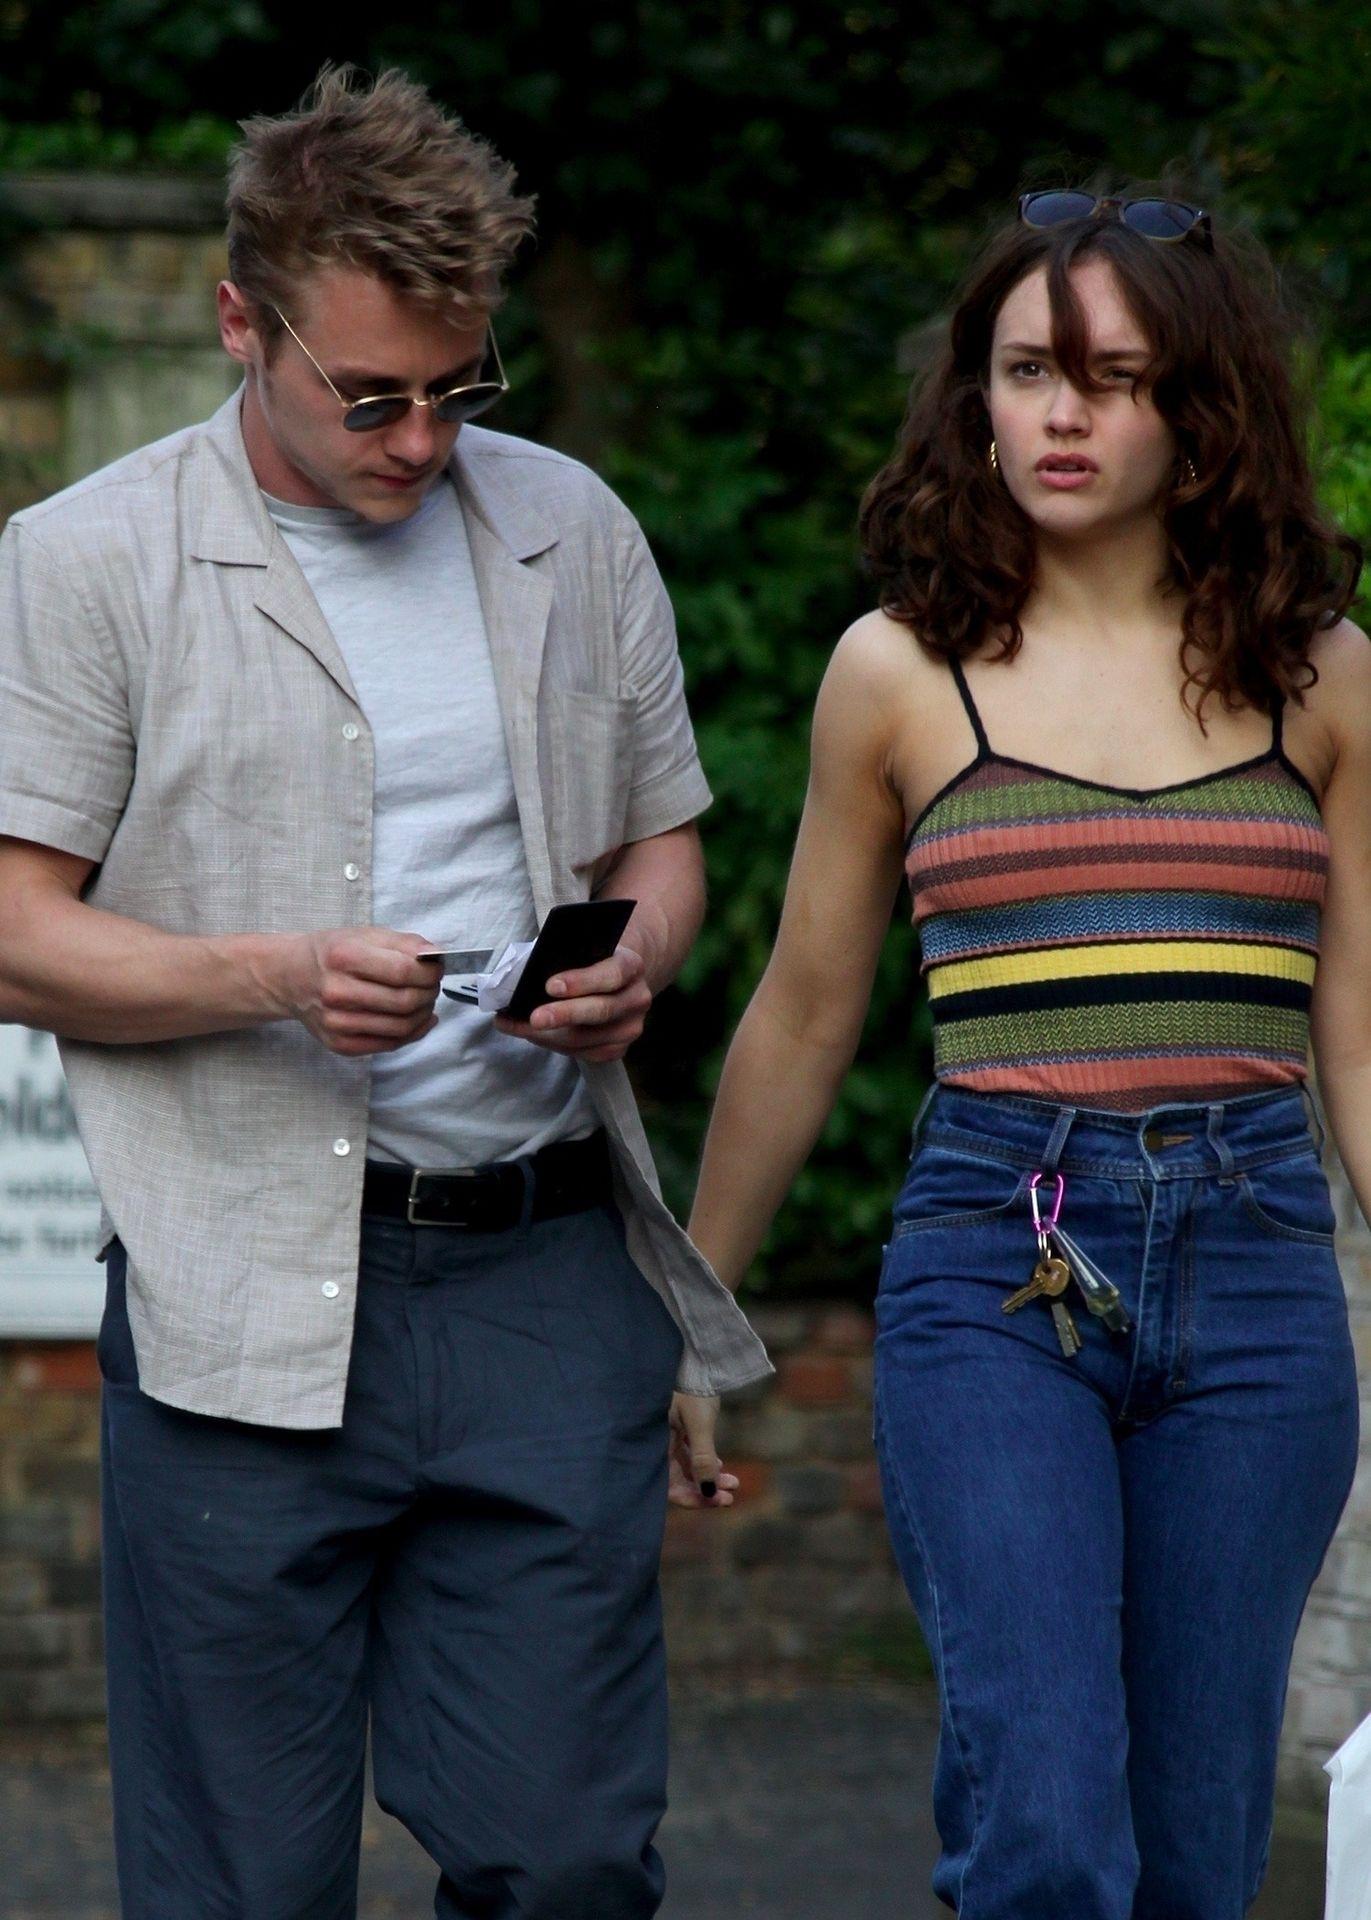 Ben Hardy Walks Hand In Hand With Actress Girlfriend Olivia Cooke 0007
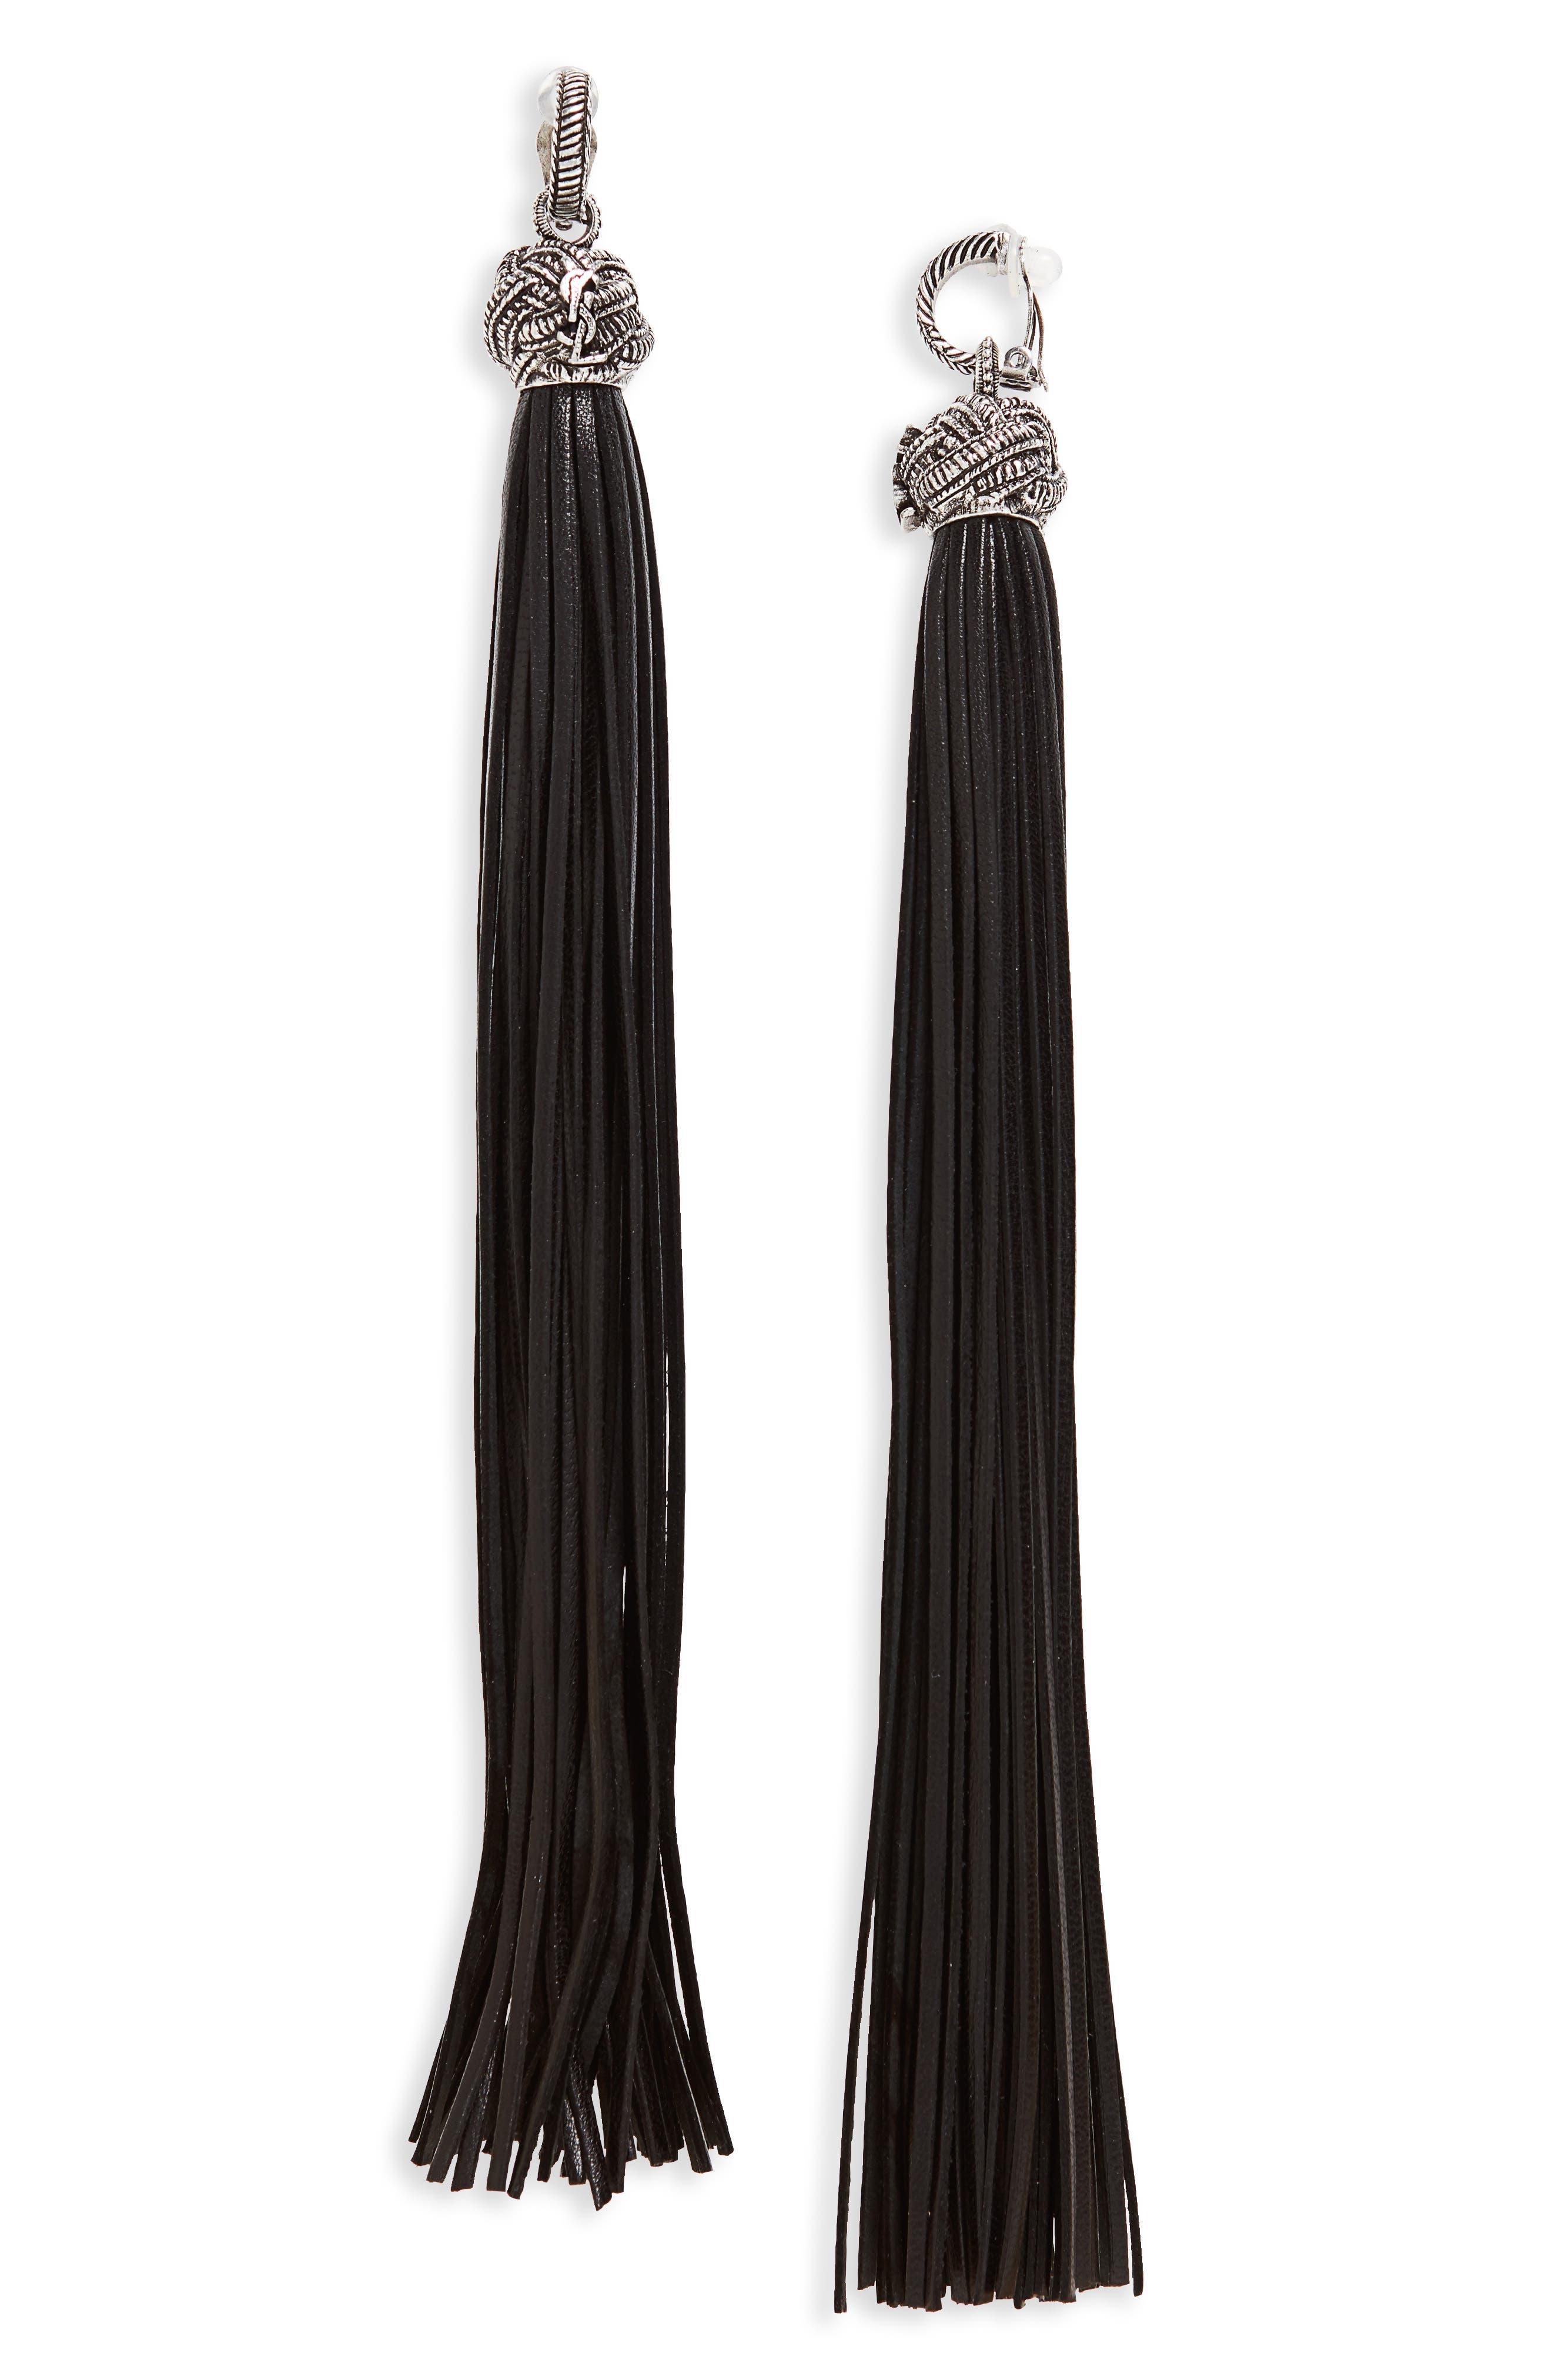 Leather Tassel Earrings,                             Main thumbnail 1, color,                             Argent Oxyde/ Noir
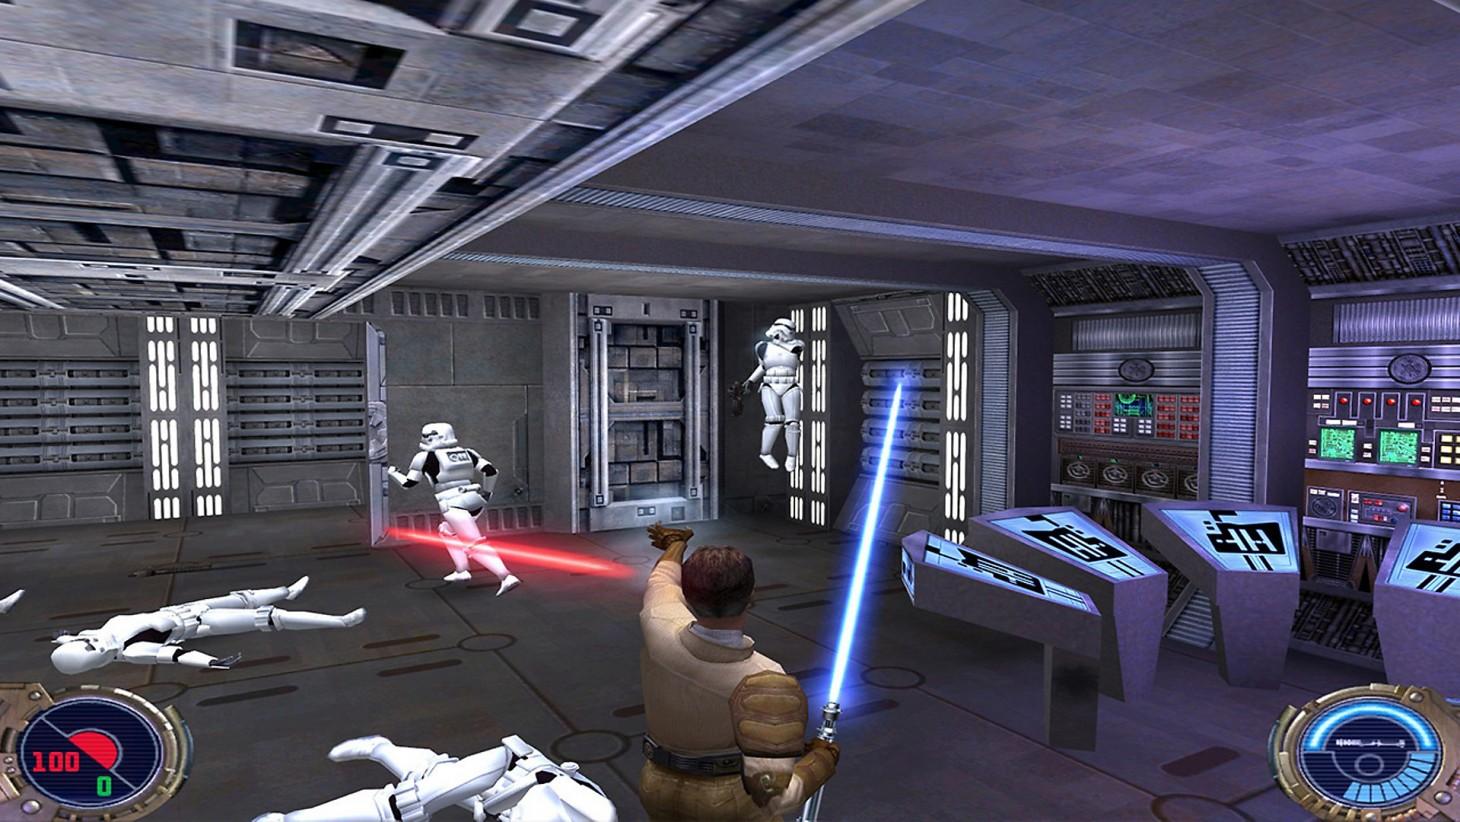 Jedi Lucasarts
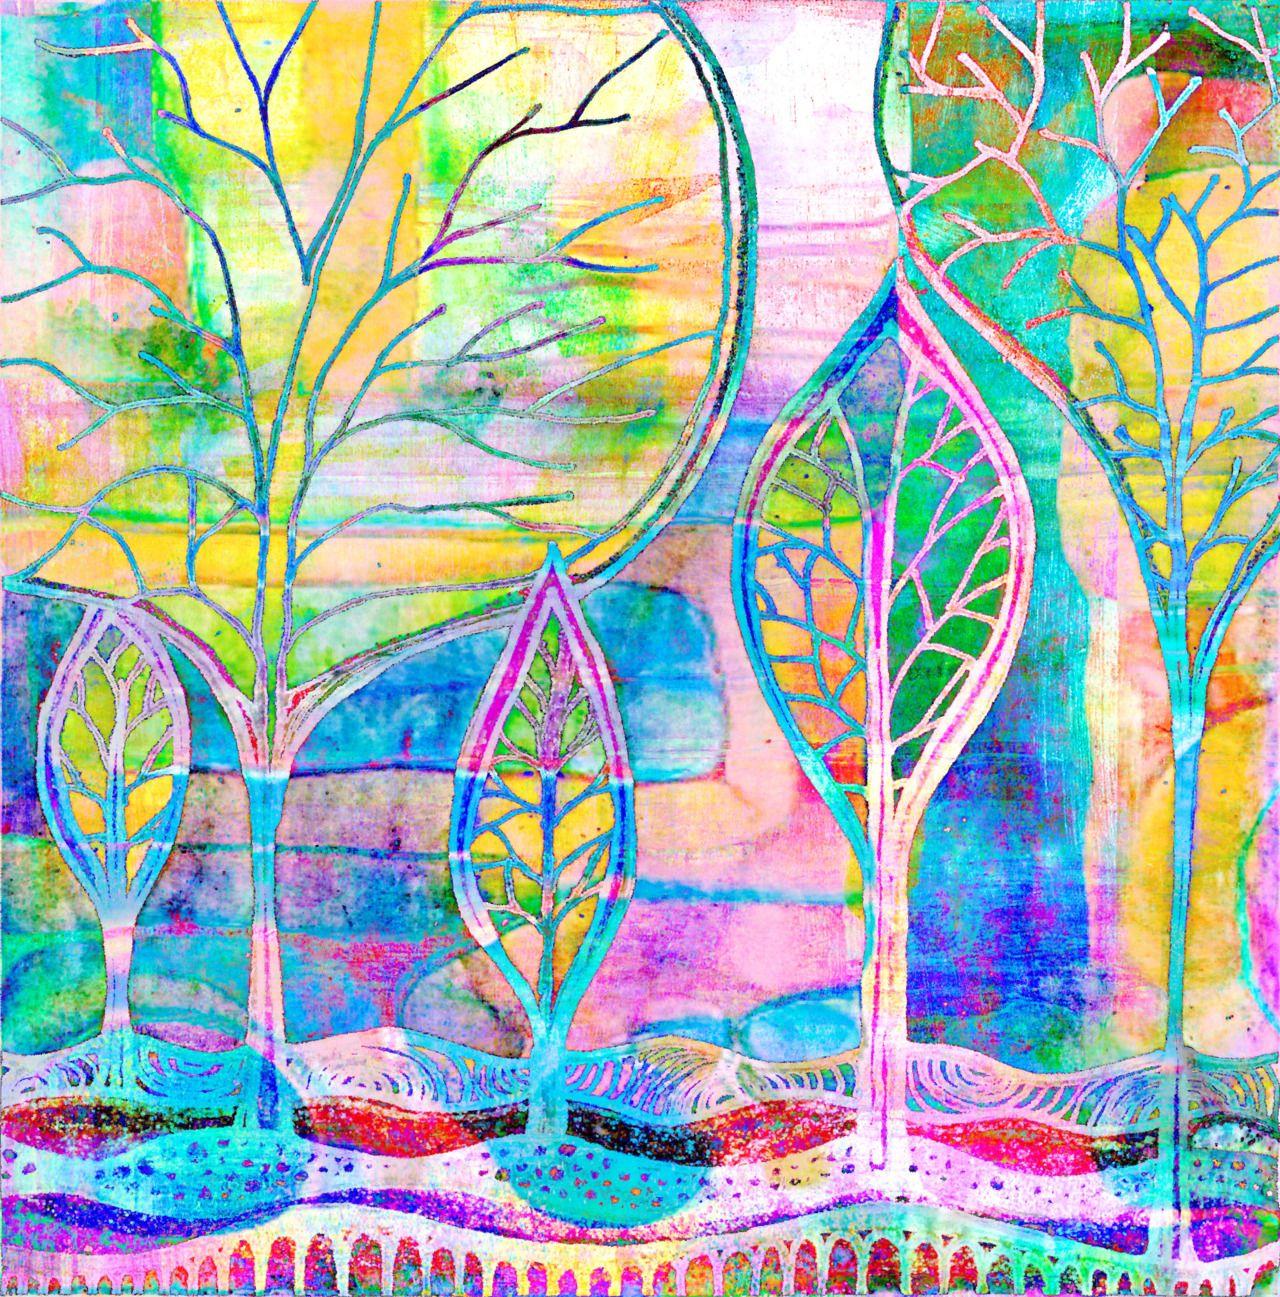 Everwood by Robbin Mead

## ASSIGNMENT
Once the pictures are set aside, give the rest of the listing again exactly.

## RESULT
 Ben Hardy Walks Hand In Hand With Actress Girlfriend Olivia Cooke 0007
 Leather Tassel Earrings,                             Main thumbnail 1, color,                             Argent Oxyde/ Noir
 Jedi Lucasarts
 Everwood by Robbin Mead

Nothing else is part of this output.